Microvascular Fluid Exchange: Implications of the Revised Starling Model for Resuscitation of Dengue Shock Syndrome

Abstract

Dengue is the most common mosquito-borne viral infection in the world. The most feared complication is a poorly understood vasculopathy that occurs in only a small minority of symptomatic individuals, especially children and young adults, but can result in potentially fatal dengue shock syndrome (DSS). Based mainly on expert opinion, WHO management guidelines for DSS recommend prompt infusion of a crystalloid fluid bolus followed by a tapering crystalloid fluid regimen, supplemented if necessary by boluses of synthetic colloid solutions. However, following publication of a number of major trials undertaken in other, primarily adult, critical care scenarios, use of both synthetic colloid solutions and of fluid boluses for volume expansion have become controversial. Synthetic colloids tend to be used for severe DSS cases in order to boost intravascular oncotic pressure, based on the classic Starling hypothesis in which opposing hydrostatic and oncotic forces determine fluid flow across the microvascular barrier. However, the revised Starling model emphasizes the critical contribution of the endothelial glycocalyx layer (EGL), indicating that it is the effective oncotic pressure gradient across the EGL not endothelial cells per se that opposes filtration. Based on several novel concepts that are integral to the revised Starling model, we review the clinical features of DSS and discuss a number of implications that are relevant for fluid management. We also highlight the need for context-specific clinical trials that address crucially important questions around the management of DSS.

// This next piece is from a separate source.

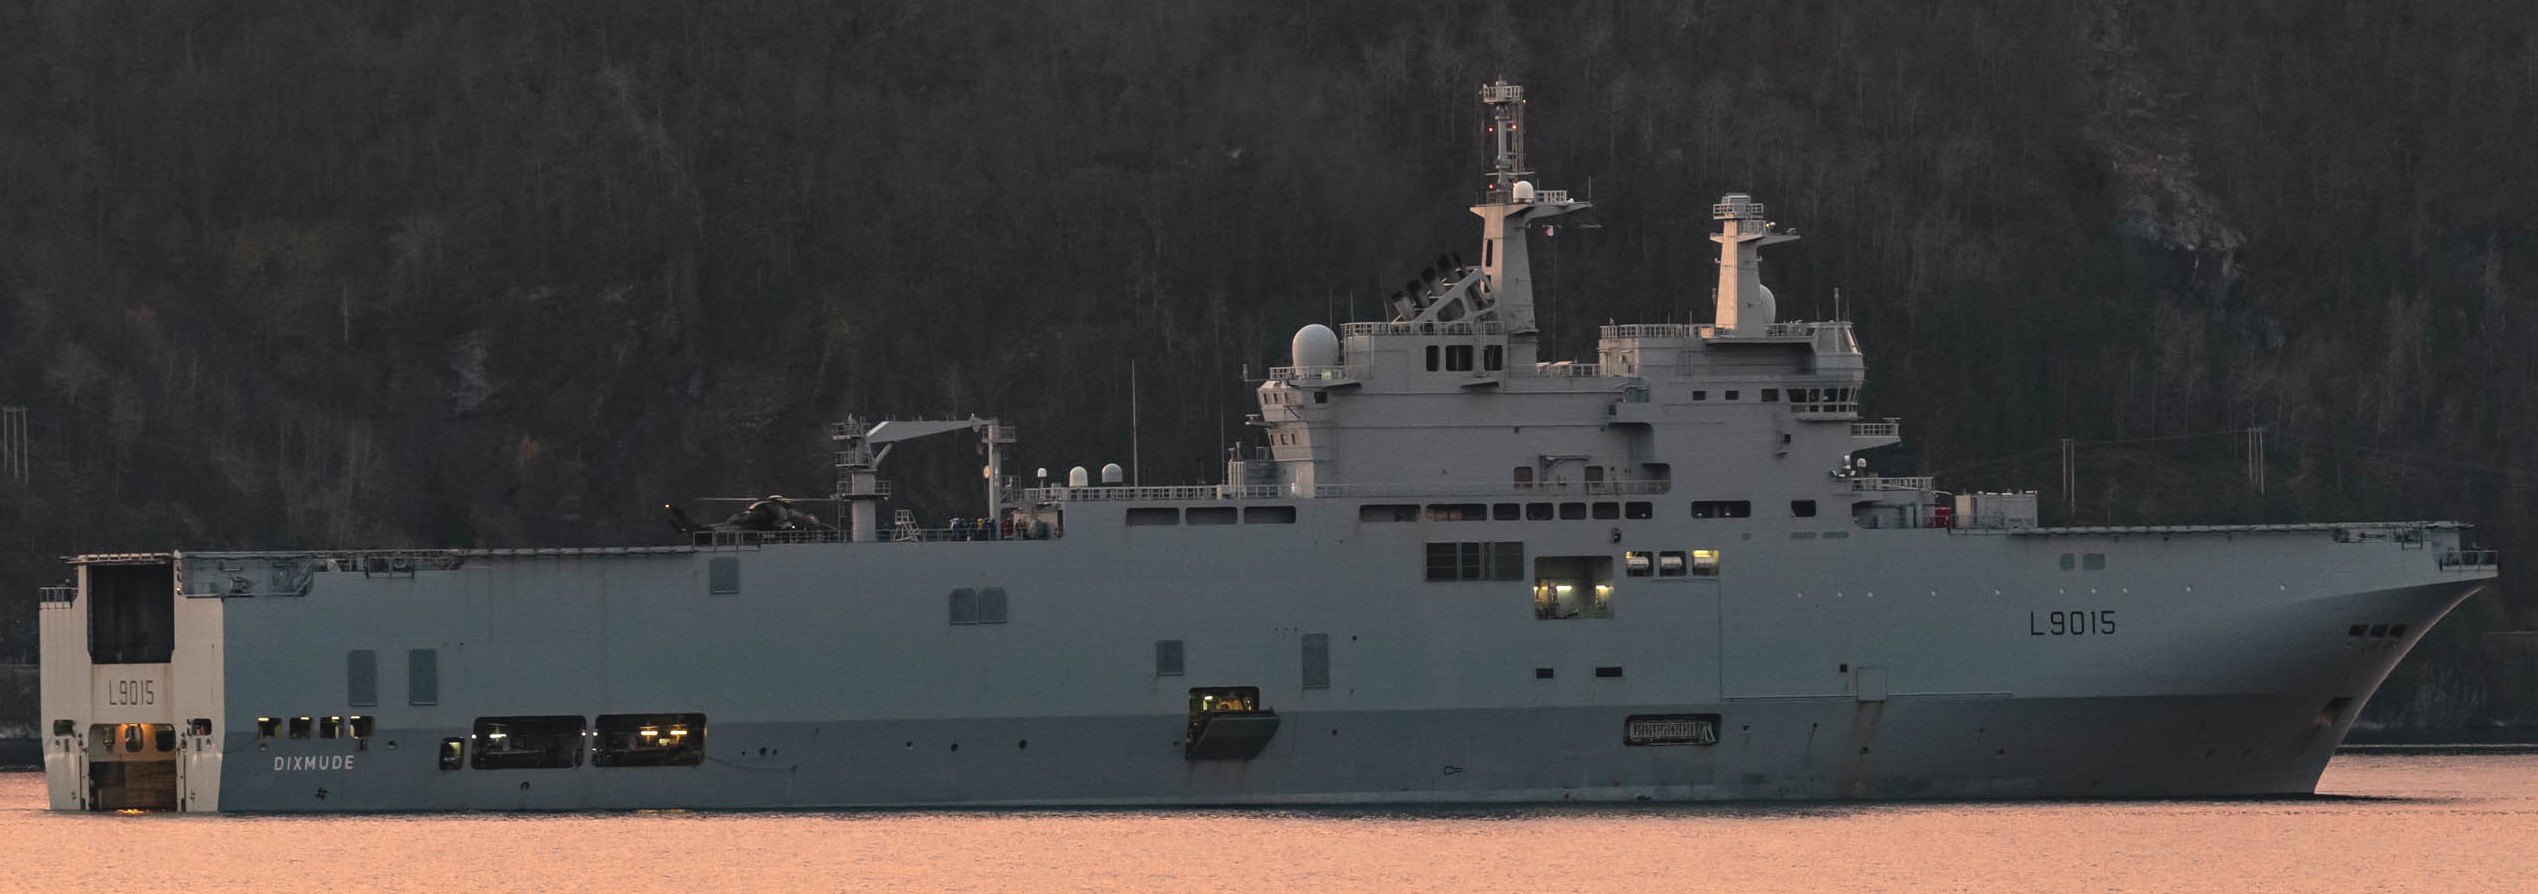 l-9015 fs dixmude mistral class amphibious assault command ship bpc french navy marine nationale 59

Keywords: colloid; crystalloid; dengue shock syndrome; endothelial glycocalyx layer; fluid management; revised Starling model; tight junction.

Figure 1

Cartoon depicting factors influencing fluid flow through the endothelial barrier [adapted from (37)]. EGL, endothelial glycocalyx layer. Gray dots represent protein molecules. Fluid flow (Jv) is proportional to the hydrostatic gradient (i.e., the difference between the capillary {P_c} and interstitial {P_i} hydrostatic pressures) minus the product of the reflection coefficient {σ} and the oncotic pressure gradient [i.e., the difference between the capillary (π_c) and interstitial or sub-glycocalyx {π_i or π_g} oncotic pressures]. The reflection coefficient indicates the ease with which molecules either penetrate the EGL or are deflected back into free-flowing plasma, and varies between 0 and 1. In health σ is close to 1 for albumin and most other plasma proteins. In dengue σ is likely to be reduced, reflecting changes to the EGL structure. The EGL forms the primary barrier to movement of fluid and plasma contents from the intravascular to the interstitial spaces. Fluid that enters the sub-glycocalyx space flows toward the inter-endothelial clefts and is channeled at high velocity to the interstitium, due to the physical characteristics of the cleft architecture and the narrow width of the gaps in the structures that bind the cells together. This high velocity fluid movement prevents back diffusion of interstitial proteins toward the protected sub-glycocalyx space, which remains effectively protein free. Fluid and proteins that get to the interstitial space are reabsorbed back into the intravascular space via the lymphatic system. In line with the revised Starling model the oncotic pressure gradient from the protein free sub-glycocalyx space to plasma (broad green arrow) is greater than expected with classical Starling model (narrow green arrow), and fluid losses to the interstitium are much lower than previously thought.

Figure 2

Cartoon depicting the expected changes associated with profound shock. In profound shock the hydrostatic pressure gradient from the vascular lumen to the interstitial space is abolished (P_c = P_i). Fluid and proteins are able to diffuse back through the inter-endothelial cleft to the sub-glycocalyx space, allowing reabsorption of about 500 ml (autotransfusion) to occur. The capillary pressure rises and a new hydrostatic pressure gradient is established within about 30 min. Fluid filtration restarts but at a low level. However, the oncotic pressure gradient opposing filtration is also reduced since some protein is now present in the sub-glycocalyx protected space. Following successful resuscitation, hydrostatic pressure improves, intercellular cleft fluid flow increases, and protein is washed out from the sub-glycocalyx space until both P_c and π_g are restored to normal.